In this way, the packet can be sent out without knowing it’s entire contents ahead of time. In fact, if configured to do so, could actually take in new microphone data in the middle of the transmission of a packet, and include that in the packet. This greatly simplifies the rest of the ethernet interface controller, at the expense of a small amount of data overhead in every packet. Given the size of the packets though, this tradeoff is easily worth it.

This coming week, I mainly plan to work on getting the information flow, all the way from the FPGA PDM inputs to a logfile on a computer working. This was expected to be completed earlier, but the complexity of ethernet frames ended up being significantly greater than expected, and took several long days to get working.
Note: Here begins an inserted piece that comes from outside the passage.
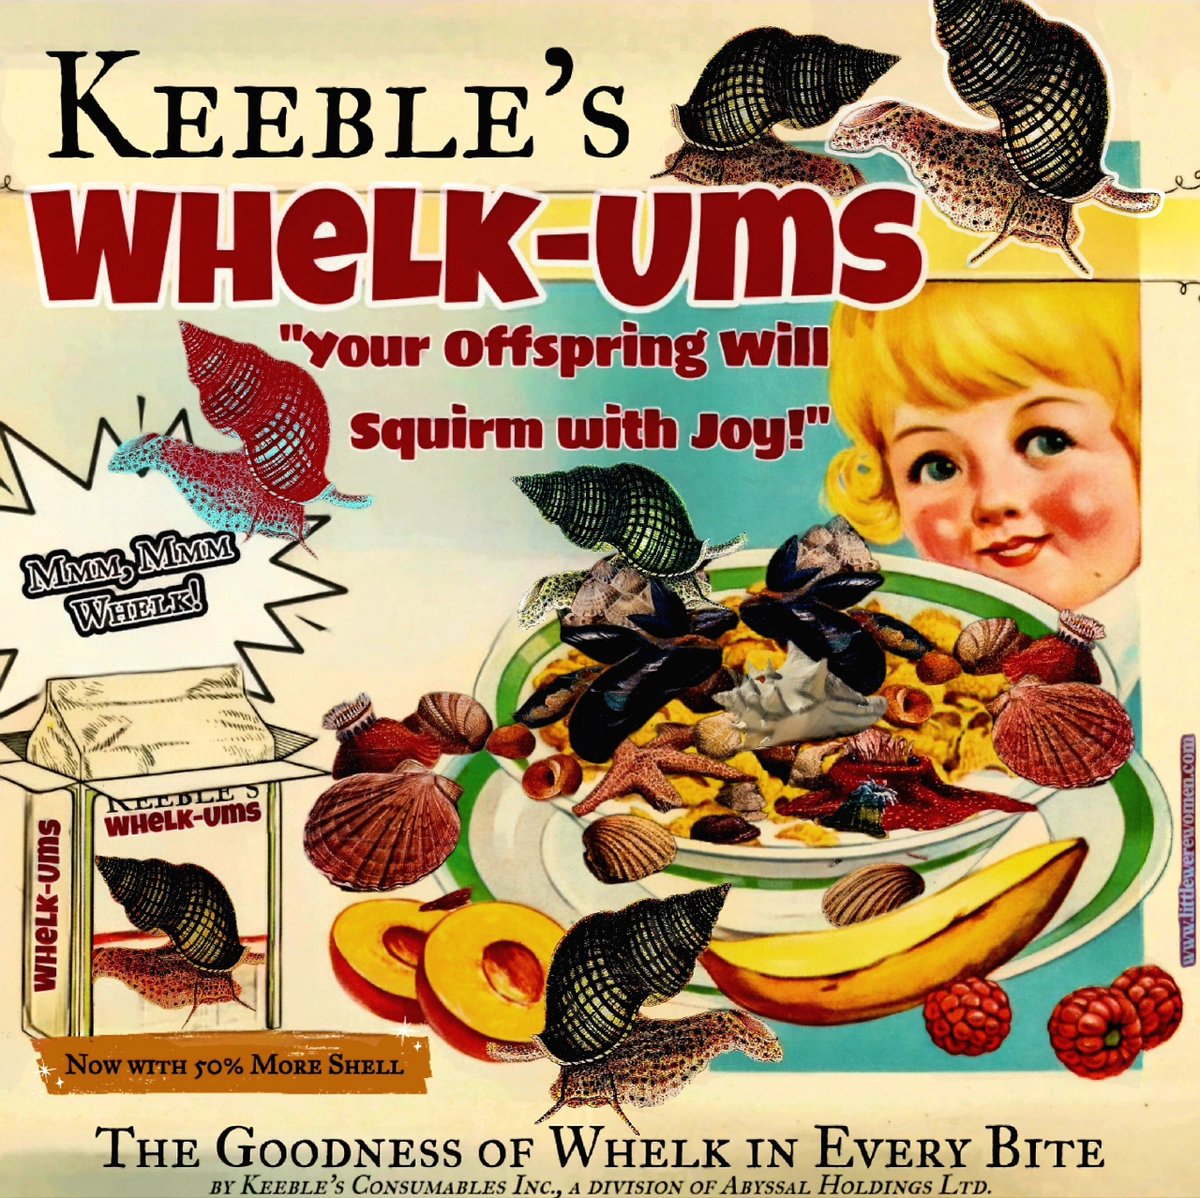 Keeble's Whelk-Ums -- try a big bowl before the earth is forever cleansed of the pestilence known as humanity!
>>Brought to you by Keeble's Consumables Corp., a division of Abyssal Holdings Ltd.<<

At this point all the components of the flow are working to some degree, but do not work together yet.

March 28, 2020

Team Status Update for Saturday, Mar. 28

This week largely saw a return to a more normal work schedule, and beginning to act on the updated plan.

Our new timeline to account for the recent changes is shown below:

Most components are on track or completed, though there are several components which have fallen slightly behind. Mainly the computer-side driver to receive and decode data from the FPGA, and the array processing software. To help get back on track, and since much of the audio calibration/testing has been removed from the scope of the project, Ryan has become more involved with the software/processing side. John also plans to finish the network driver this weekend.

On the hardware side, the architecture of the physical architecture was slightly changed to simplify the design. Specifically, from having a single carrier board with connectors for each microphone element, to having a small number of boards with many microphones each, that connect directly to the FPGA board using ribbon cables.

Our risk management has largely been reduced the last few weeks, as most of the main risks we foresaw were eliminated over the course of the project so far, or, did not end up being issues. Our PCB and digikey orders have been fulfilled already, so unless there are problems with shipping, we should have the necessary hardware. If there are any problems, board design includes several generic alternatives for each critical part, so as long as at least one supplier remains open, we should be able to finish the hardware (see John’s update for more details). On the software side, risks and mitigations have not changed.